The research question is well-defined and novel, addressing a critical knowledge gap.
A broad range of methodologies is employed, including qRT-PCR, immunoblotting, IHC, flow cytometry, transwell assays, and xenograft models, increasing the rigor of the investigation.
Appropriate controls (siRNA knockdown, DHCR7 overexpression, normal colorectal cells) are included to validate findings.

Comments

The bioinformatics analysis from TCGA and GTEx datasets demonstrates elevated DHCR7 expression in CRC. However, it is unclear whether these results were validated across multiple independent cohorts.

The scratch wound healing assay measures cell migration, but it does not discriminate between migration and proliferation effects.

The colony formation assays support the role of DHCR7 in proliferation, but single-cell clonogenic assays would be more informative.

The study proposes that DHCR7 modulates PI3K/AKT/mTOR activation, but causality remains unclear.

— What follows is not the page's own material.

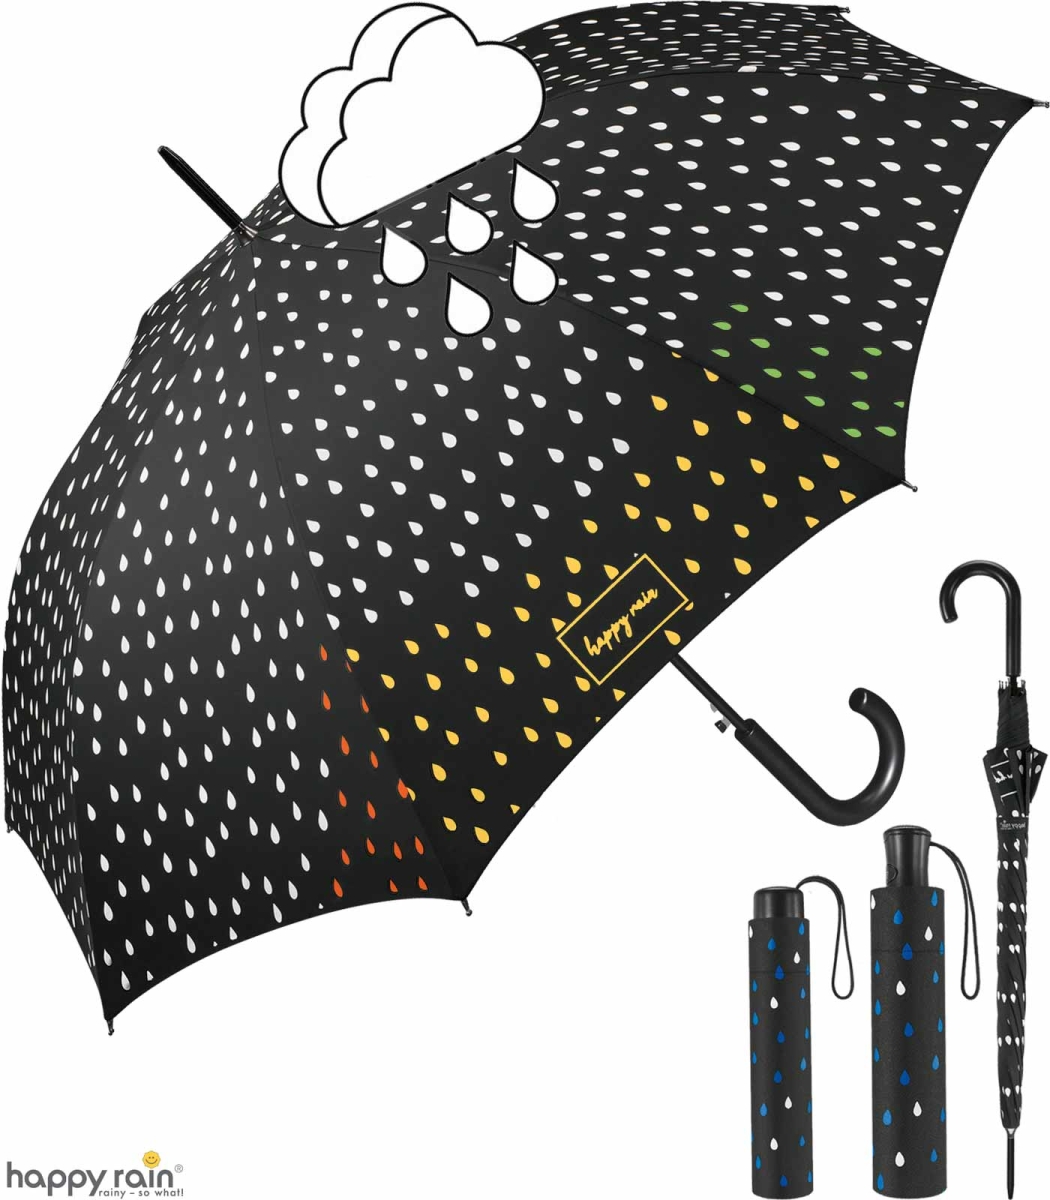 Lirener Farbwechsel Regenschirm Faltbar Kompakt Vinyl Sonnenschirm UV-Schutz Winddicht Regenschirm die Farbe Wechseln bei Nässe Windfest in Sterne-Form Kompakte Design 8 Verstärkten Rippen 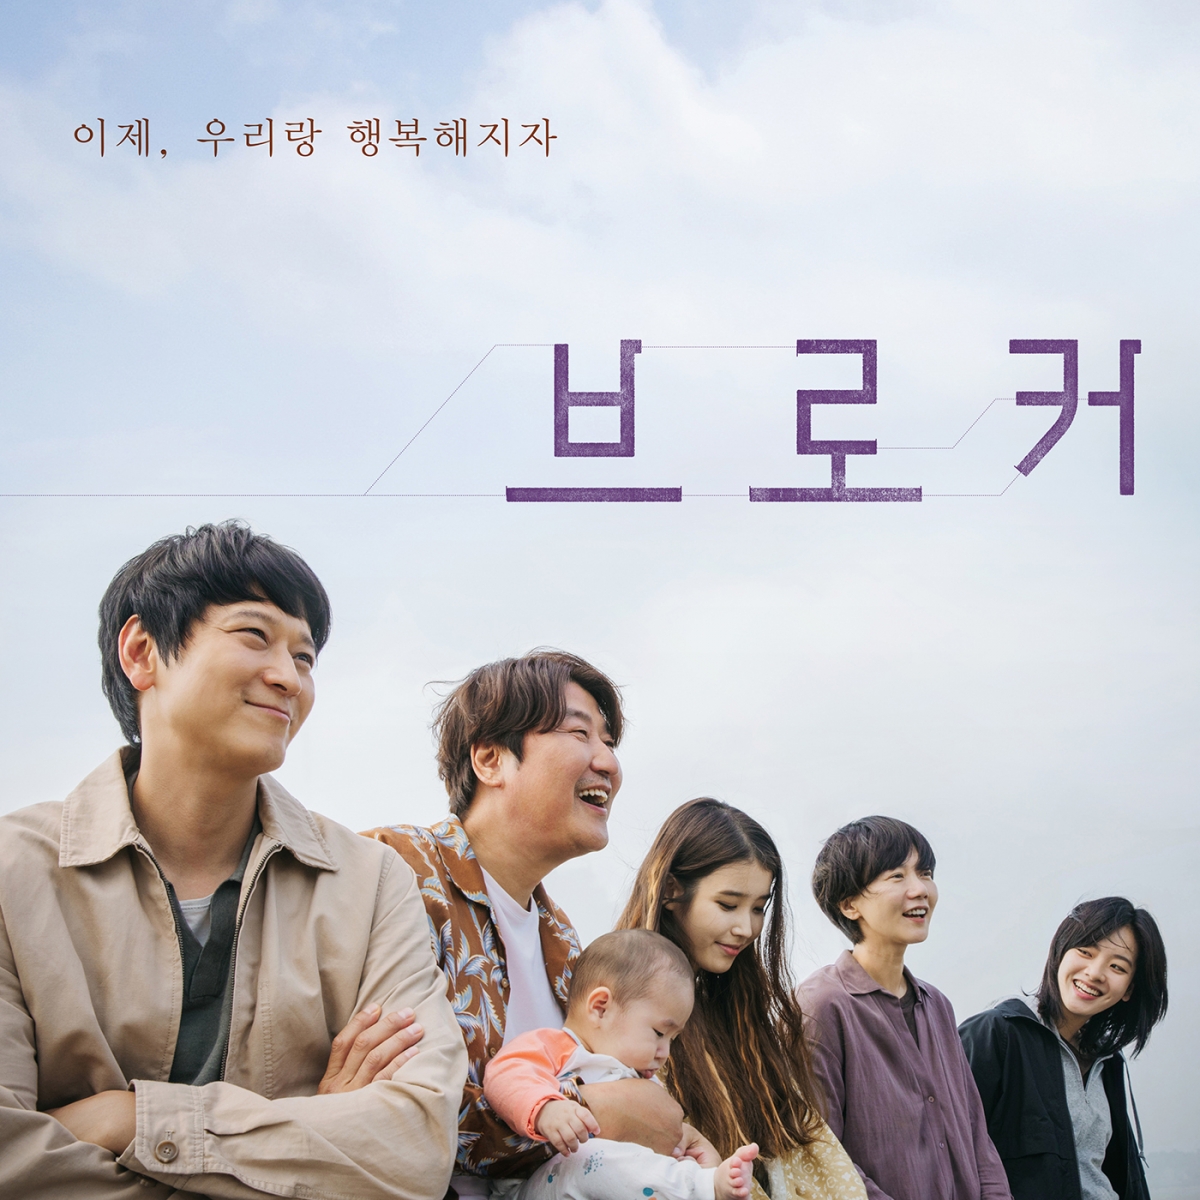 경이로운 수상 소식<br>한국 영화의 뜨거운 열기

Use pharmacological inhibitors to demonstrate whether DHCR7 directly regulates this pathway.

Determine whether DHCR7 knockdown affects phosphorylation levels of AKT/mTOR independent of other cellular changes.

Validity of the findings

The study provides solid experimental evidence linking DHCR7 expression to tumor progression.
Statistical analysis is appropriately conducted.
Conclusions are generally well-supported by the data.
While PI3K/AKT/mTOR involvement is suggested, direct interaction between DHCR7 and pathway components remains unclear.
co-immunoprecipitation (co-IP) or proximity ligation assays to test whether DHCR7 interacts with key PI3K/AKT/mTOR components.

DHCR7 is involved in cholesterol synthesis, yet metabolomic analysis of cholesterol derivatives (e.g., 7-DHC, oxysterols) is missing.

Additional comments

The study addresses a novel and clinically relevant topic.
The findings support DHCR7 as a potential therapeutic target.

Comments

Need for independent validation of bioinformatics results.
Improve mechanistic depth regarding DHCR7’s regulation of PI3K/AKT/mTOR.
Clarify whether DHCR7’s effects are sterol-dependent or independent.